Recognizing the Symptoms
The symptoms of BPH are often grouped as lower urinary tract symptoms (LUTS). The severity of symptoms does not always correlate with the size of the prostate. Some men with slightly enlarged prostates may experience significant issues, while others with very enlarged prostates have only minor symptoms. These symptoms are divided into two categories.
Obstructive symptoms are those that cause problems with the flow of urine. These can manifest as:
- Hesitancy, which is difficulty or a delay in starting urination.
- A weak or slow urinary stream.
- A stream that stops and starts, known as intermittency.
- A feeling of incomplete bladder emptying or straining to urinate.
Irritative symptoms relate to problems with bladder storage. These include:
- Urinary frequency, the need to urinate more often than usual.
- Urgency, a sudden and strong need to urinate that is difficult to defer.
- Nocturia, which is the need to wake up multiple times during the night to urinate.
The Diagnostic Journey
Diagnosing BPH begins with a detailed discussion of your medical history and symptoms. Your doctor may use a questionnaire, such as the International Prostate Symptom Score (I-PSS), to formally assess them. This scoring system helps quantify the impact of the symptoms on your quality of life and provides a baseline for monitoring treatment.

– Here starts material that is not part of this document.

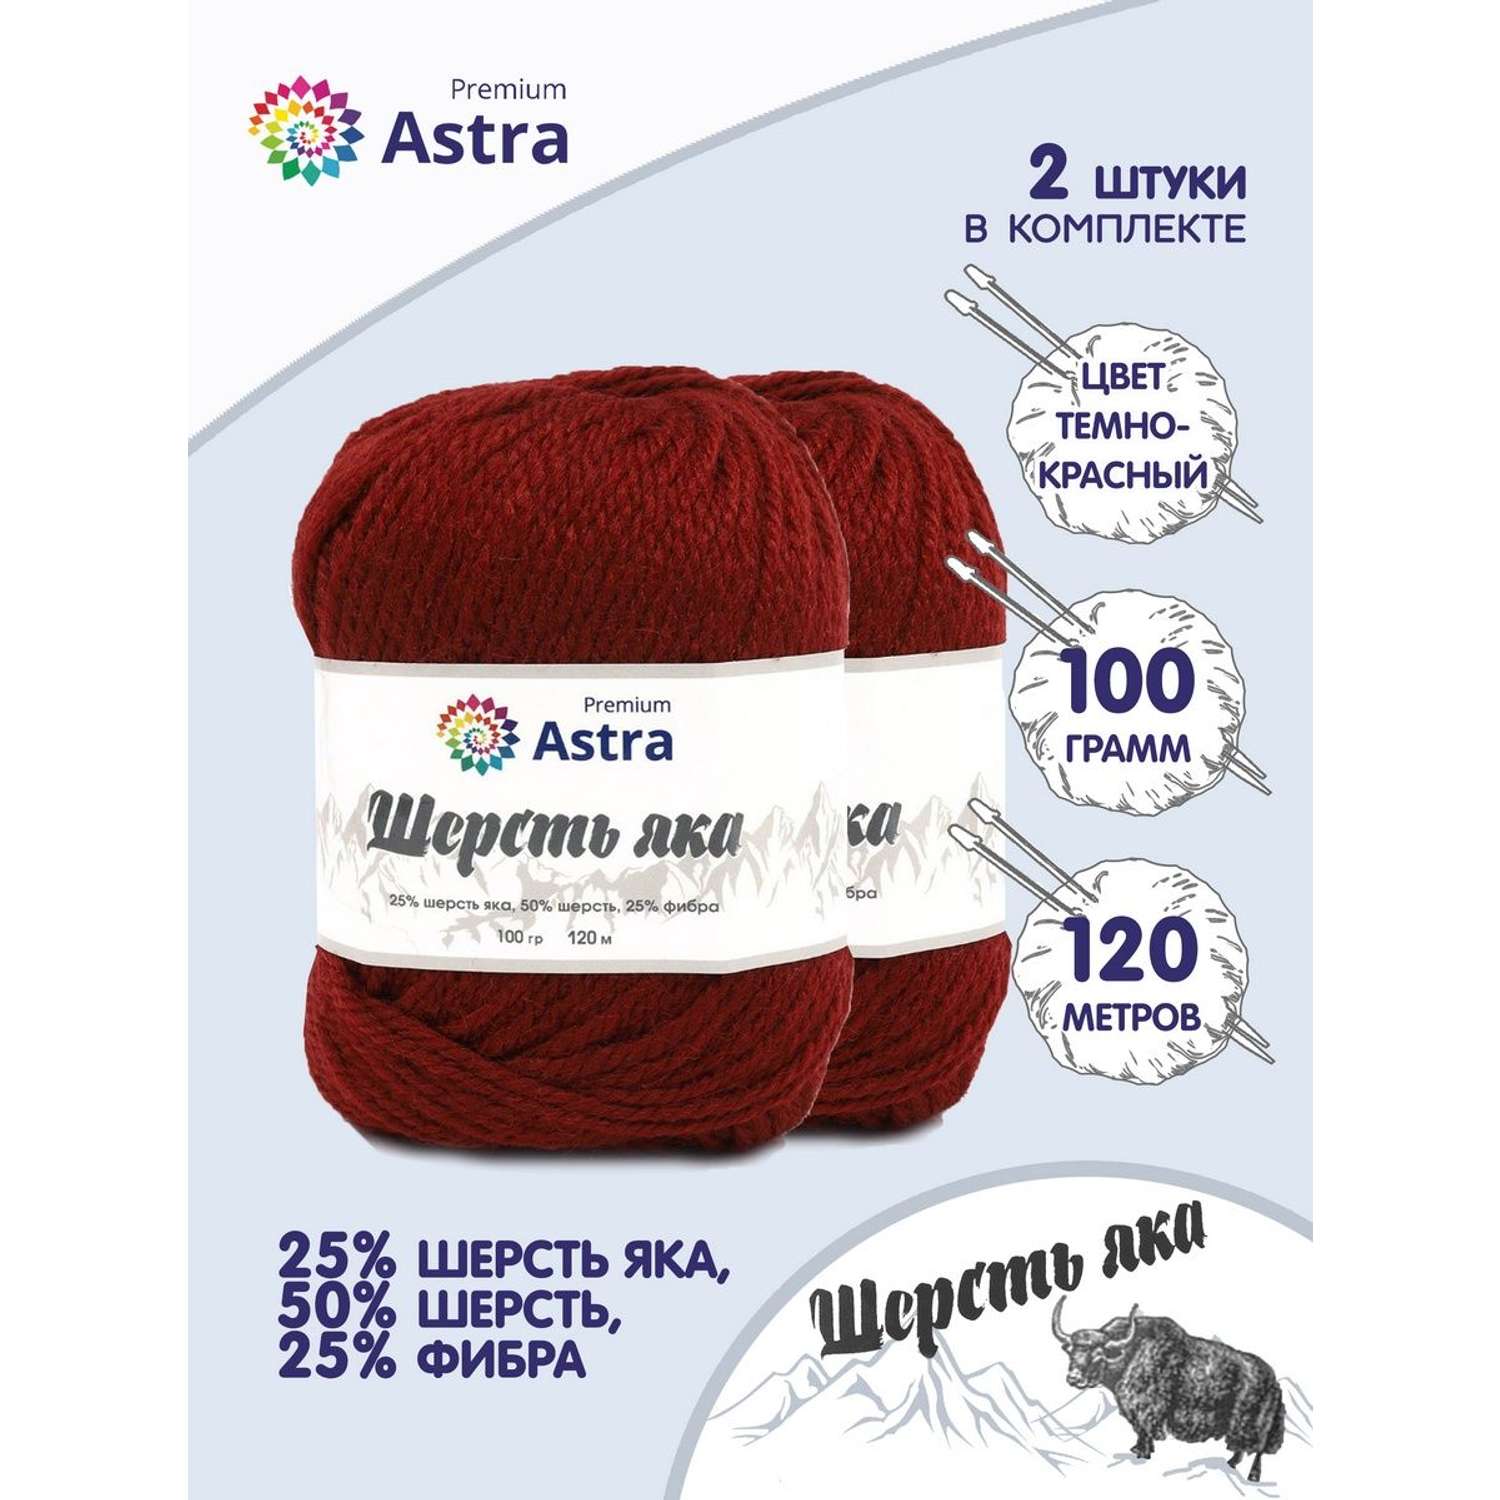 Пряжа Astra Premium Шерсть яка Yak wool теплая мягкая 100 г 120 м 25 темно-красный 2 мотка - фото 1

A physical examination will include a digital rectal exam (DRE), where a doctor inserts a gloved, lubricated finger into the rectum to feel the prostate gland. A smooth, symmetric, and enlarged prostate often indicates BPH, whereas a hard or nodular feel could raise concerns about other conditions.

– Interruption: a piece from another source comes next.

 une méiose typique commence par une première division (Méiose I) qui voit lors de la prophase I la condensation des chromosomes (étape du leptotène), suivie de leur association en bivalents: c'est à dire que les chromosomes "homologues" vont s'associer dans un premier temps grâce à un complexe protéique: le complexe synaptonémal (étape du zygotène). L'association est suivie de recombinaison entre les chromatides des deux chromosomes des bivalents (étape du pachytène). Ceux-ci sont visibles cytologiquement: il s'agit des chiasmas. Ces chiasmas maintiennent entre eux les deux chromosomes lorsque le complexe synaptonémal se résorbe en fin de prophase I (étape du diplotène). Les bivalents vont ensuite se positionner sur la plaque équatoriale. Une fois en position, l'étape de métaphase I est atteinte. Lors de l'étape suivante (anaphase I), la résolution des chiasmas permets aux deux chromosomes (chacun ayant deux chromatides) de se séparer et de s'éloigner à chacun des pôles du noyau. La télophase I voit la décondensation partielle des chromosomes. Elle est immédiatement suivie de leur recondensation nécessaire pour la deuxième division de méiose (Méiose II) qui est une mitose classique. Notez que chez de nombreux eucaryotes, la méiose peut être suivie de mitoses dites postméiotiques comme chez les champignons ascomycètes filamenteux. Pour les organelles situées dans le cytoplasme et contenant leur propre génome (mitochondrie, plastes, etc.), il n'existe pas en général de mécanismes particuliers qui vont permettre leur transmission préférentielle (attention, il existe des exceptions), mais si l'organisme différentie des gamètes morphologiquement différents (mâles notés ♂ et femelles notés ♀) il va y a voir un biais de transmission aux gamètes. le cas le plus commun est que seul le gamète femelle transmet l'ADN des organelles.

To refine the diagnosis and rule out other causes, several tests are commonly used. A urinalysis checks a urine sample for signs of infection or other abnormalities. A blood test to measure prostate-specific antigen (PSA) levels is also performed. While elevated PSA can be a marker for prostate cancer, it is also often increased in BPH.
In some cases, additional tests may be recommended. A urine flow study can measure the speed of your urine stream, with a slower rate suggesting an obstruction. A post-void residual volume test uses an ultrasound to measure how much urine is left in your bladder after you urinate.
A Spectrum of Treatment Approaches
The management of BPH depends on symptom severity, prostate size, age, and personal preferences. For men with mild symptoms, a strategy of “watchful waiting” or active surveillance is often the first step. This involves monitoring the condition over time with lifestyle adjustments, such as managing fluid intake and avoiding bladder irritants like caffeine.
When symptoms are more moderate, medications are a common option. Alpha-blockers, such as tamsulosin, work by relaxing the muscles in the bladder neck and prostate to improve urine flow. 5-alpha reductase inhibitors, like finasteride, shrink the prostate gland by blocking the hormonal changes that cause it to grow. Sometimes, a combination of these two medications is prescribed.
For individuals who do not find relief from medication, a range of minimally invasive procedures are available. These treatments are performed on an outpatient basis with a lower risk of side effects and quicker recovery. Procedures include the UroLift system, which uses small implants to hold prostate tissue away from the urethra, or Rezūm water vapor therapy, which uses steam to remove excess tissue.
In cases of severe symptoms or when other treatments have been ineffective, surgery may be considered. The most common surgical procedure for BPH has been the transurethral resection of the prostate (TURP), which removes the inner portion of the prostate. Other techniques, including laser therapies like Holmium laser enucleation of the prostate (HoLEP), are also used to remove obstructing prostate tissue.